The list below shows the different language tags seen during the week in question. Everything looks mostly like expected with two notable exceptions. The first is the tag no-bm, which i assume signifies Norwegian Bokmål. According to the User-Agent: header this is sent by Opera 5.12 running under Windows 95. There is no no-nn tag in the list, but it would be reasonable to assume that a browser using no-bm for Norwegian Bokmål also uses no-nn for Norwegian Nynorsk.

The second issue is the use of the language tag pdf, comming from Mozilla 4.79 running under Windows 98. If someone has an explanation to this, or even a plausible theory, I would like to know about it.

The list was produced with the following command:

cat negotiation.log \
| sed -e 's/^\"\(.*\)\" \"\(.*\)\" \"\(.*\)\" \"\(.*\)\"/\4/' \
| sed -e 's/,/\
/g'| sed -e 's/ *\(.*\)/\1/' \
| sed -e 's/^\(.*\);.*/\1/' \
| sort -f | uniq -i
  • bg
  • da
  • de
  • de-at
  • en
  • en-au
  • en-bz
  • en-ca
  • en-gb
  • en-ie
  • en-jm
  • en-nz
  • en-ph
  • en-tt
  • en-us
  • en-za
  • en-zw
  • es
  • es-mx
  • es-pr
  • fr
  • he
  • ie-ee
  • it
  • ja
  • lt
  • nb
  • nb-no
  • nl
  • nn
  • nn-no
  • no
  • no-bm
  • no-bok
  • no-nyn
  • pdf
  • pl
  • pt-br
  • ru
  • sk
  • sr
  • sv
  • tr
  • zh-cn

Accept-Encoding

The selection of encodings are noticeably smaller and mostly as can be expected. I noticed that Internet Explorer, Opera and Konqueror all send both gzip and x-gzip. x-compress on other hand is used only by robots/spiders, in this case RPT-HTTPClient and NPBot. For those of you who, like me, has never heard of the identity encoding, RFC 2616 offers the following explanation:

The default (identity) encoding; the use of no transformation whatsoever. This content-coding is used only in the Accept-Encoding header, and SHOULD NOT be used in the Content-Encoding header.

The list was produced with the following command:

cat negotiation.log \
| sed -e 's/^\"\(.*\)\" \"\(.*\)\" \"\(.*\)\" \"\(.*\)\"/\3/' \
| sed -e 's/,/\
/g'| sed -e 's/ *\(.*\)/\1/' \
| sed -e 's/^\(.*\);.*/\1/' \
| sort -f | uniq -i
  • compress
  • deflate
  • gzip
  • identity
  • x-compress
  • x-gzip

Accept-Charset

Another narrow selection. The only interesting thing to note is that Opera, on both Windows and Linux, is the only browser asking for documents in the windows-1252 character set.
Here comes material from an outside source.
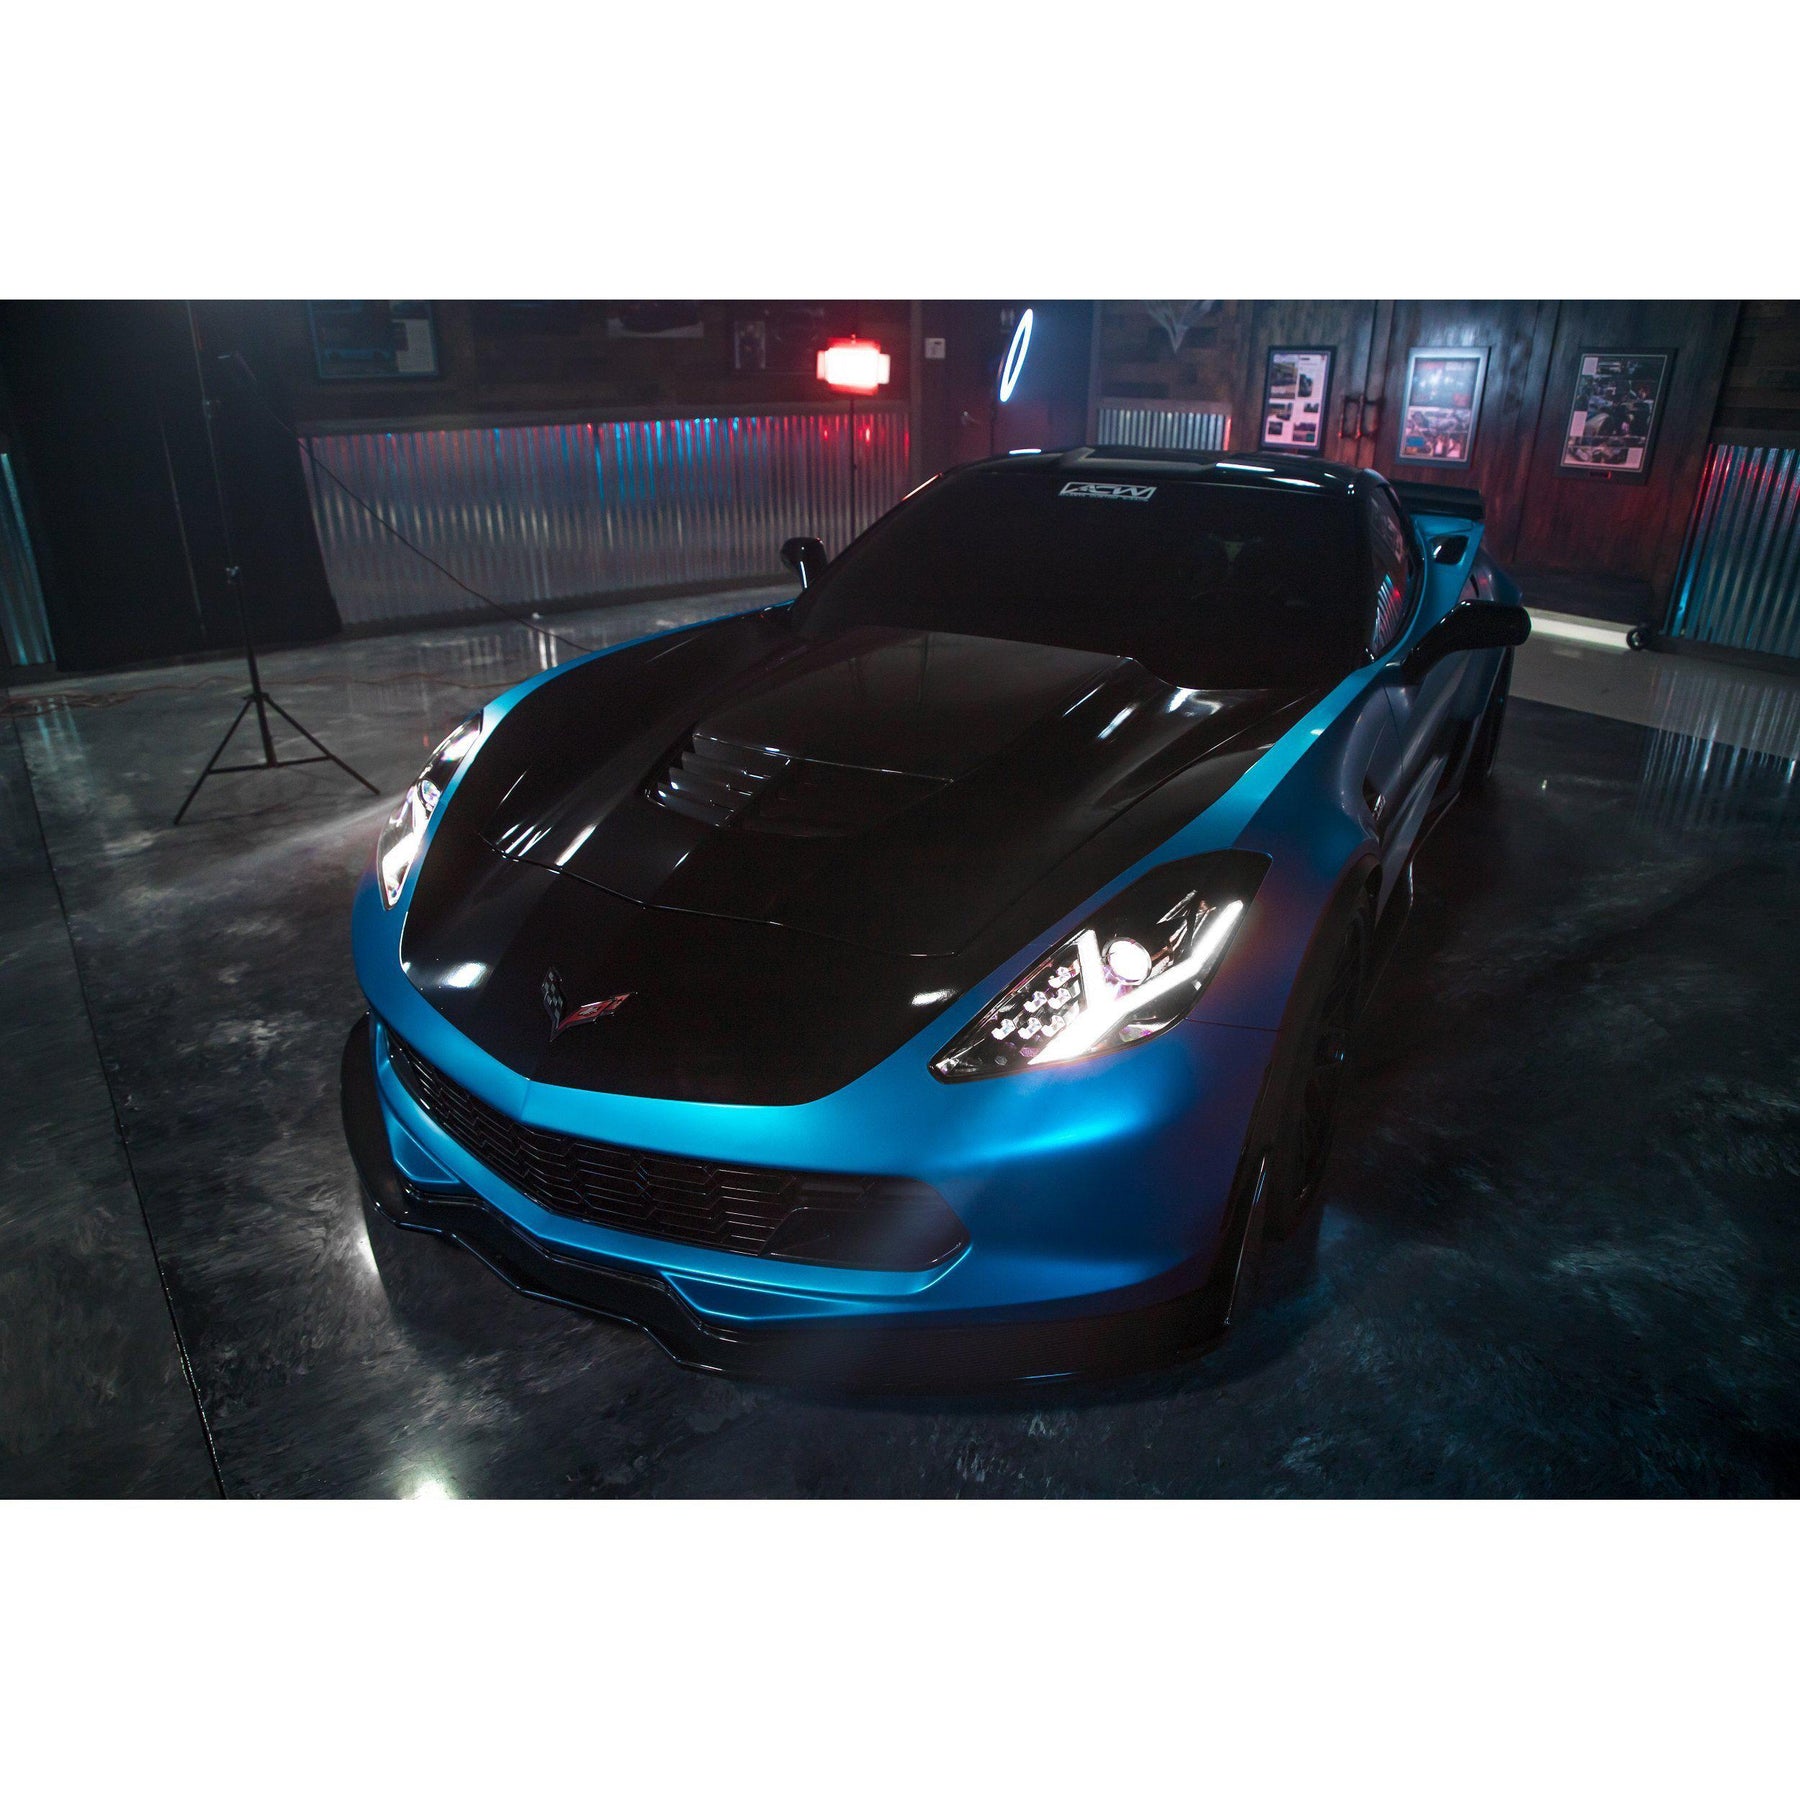 2014-2019 Corvette XB LED Black Headlights (LF463)-Headlights-Morimoto-LF463-Dirty Diesel Customs

The list was produced with the following command:

cat negotiation.log \
| sed -e 's/^\"\(.*\)\" \"\(.*\)\" \"\(.*\)\" \"\(.*\)\"/\2/' \
| sed -e 's/,/\
/g'| sed -e 's/ *\(.*\)/\1/' \
| sed -e 's/^\(.*\);.*/\1/' \
| sort -f | uniq -i
  • ISO-8859-1
  • ISO-8859-15
  • utf-16
  • utf-8
  • windows-1252

Apache Configuration

If you would like to make a similar analysis on your own traffic, the log file can be generated using the following directives in Apache’s httpd.conf.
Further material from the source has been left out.